Au cœur de la Casamance, une opération militaire d’envergure a été menée début mai par les forces sénégalaises, appuyées par des chiens renifleurs. Son objectif ? Détruire les vastes champs de cannabis qui alimentent les dernières activités des rebelles du Mouvement des forces démocratiques de Casamance (MFDC). Une initiative qui s’inscrit dans un conflit vieux de plus de quatre décennies, bien que l’insurrection indépendantiste ait perdu de sa vigueur.
Cette intervention a ciblé la frontière gambienne, zone de repli historique des combattants du MFDC. Lancée depuis 1982, leur lutte pour l’indépendance de la région, séparée du reste du Sénégal par la Gambie, n’a jamais abouti à un contrôle territorial durable. Selon le colonel Cheikh Guèye, chef des armées dans la région de Ziguinchor, l’opération s’est déroulée « sans difficultés majeures » : 14 interpellations, la saisie d’armes de guerre et plus de six tonnes de cannabis ont été enregistrées.
Un mouvement rebelle en déclin face à l’armée renforcée
Le MFDC, autrefois redouté, traverse une phase critique. Affaibli par des pertes militaires répétées, il ne compte plus que des effectifs résiduels, incapables de recruter ou de compenser le vieillissement de ses combattants. L’armée sénégalaise, en revanche, a consolidé ses rangs et ses équipements, réduisant drastiquement la menace.
Plusieurs facteurs expliquent cette situation : une division profonde entre les factions politiques et militaires du mouvement, ainsi qu’un blocage des approvisionnements en armes, consécutif à la coopération accrue entre la Gambie et la Guinée-Bissau avec Dakar pour endiguer l’insécurité. La perte d’influence du MFDC auprès des communautés locales joue également un rôle clé. Autrefois porteur d’un espoir d’autonomie, le mouvement peine désormais à mobiliser la population, lasse de décennies de violences.
« Les habitants aspirent à la paix et rejettent massivement le MFDC », confie un acteur de la société civile casamançaise. « La lutte a nourri une désillusion profonde, et beaucoup ne croient plus en la cause indépendantiste, si ce n’est par habitude. »
Le cannabis, nouvelle menace à l’équilibre fragile
Si la rébellion a perdu de sa superbe, le trafic de drogue – notamment le chanvre indien – est devenu un enjeu majeur.
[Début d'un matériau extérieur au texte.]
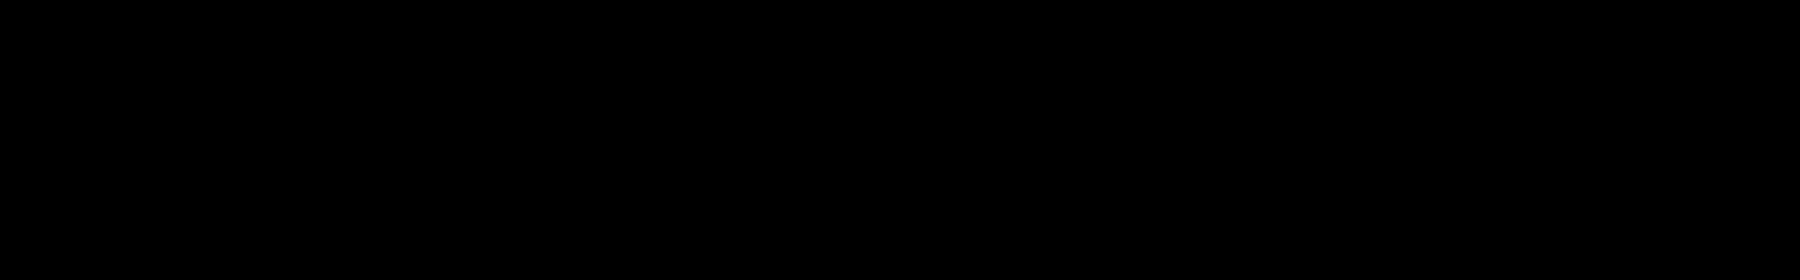 Ultra Moombahton Elements Vol.1 audio waveform

Le Premier ministre Ousmane Sonko, originaire de Casamance, a souligné lors d’une visite à Ziguinchor que le MFDC n’a « jamais contrôlé un seul village en quarante ans ». Pour lui, l’heure n’est plus à l’indépendance, mais à la lutte contre cette économie illicite qui finance les groupes armés.
Les attaques récentes contre les forces de l’ordre illustrent cette réalité : trois militaires tués et six blessés dans une explosion accidentelle lors d’opérations anti-cannabis mi-mars, suivis d’un soldat tué et six autres blessés début mars. En novembre 2025, un soldat avait été libéré après sept mois de captivité. « Nous n’accepterons aucun compromis territorial, mais le vrai défi reste le trafic de cannabis », a martelé Sonko.
Le colonel Guèye précise que le « chanvre représente une manne financière pour les bandes armées », leur permettant de s’armer et de perpétuer des activités criminelles. Début mai, l’armée a visé le cœur de leur « économie de guerre », détruisant des cultures et des infrastructures logistiques.
Une région sous tension, entre espoirs de paix et défis persistants
Les zones frontalières, comme le Nord Sindian près de la Gambie, restent des foyers de tension. Leur isolement – forêts denses, absence de routes praticables – favorise les activités illicites. Les populations locales, souvent démunies, dépendent parfois de ces trafics pour survivre. Des témoignages révèlent même des demandes d’avis religieux pour légitimer la culture du cannabis.
Malgré quelques avancées, comme le dépôt partiel des armes par certaines factions, la paix reste précaire. Un accord signé en 2023 entre le gouvernement et une branche du MFDC a permis à des réfugiés de rentrer chez eux. Un autre compromis a été trouvé en 2025 avec une autre faction à Bissau, mais d’autres initiatives ont échoué. « La pacification est en marche, mais des éléments armés refusent encore de déposer les armes », rappelle une figure locale.
Pour l’heure, le Sénégal mise sur une stratégie double : renforcer la sécurité tout en offrant des alternatives économiques aux populations. Mais dans cette région meurtrie, le chemin vers une paix durable passe aussi par l’éradication d’un fléau qui nourrit les violences : le cannabis.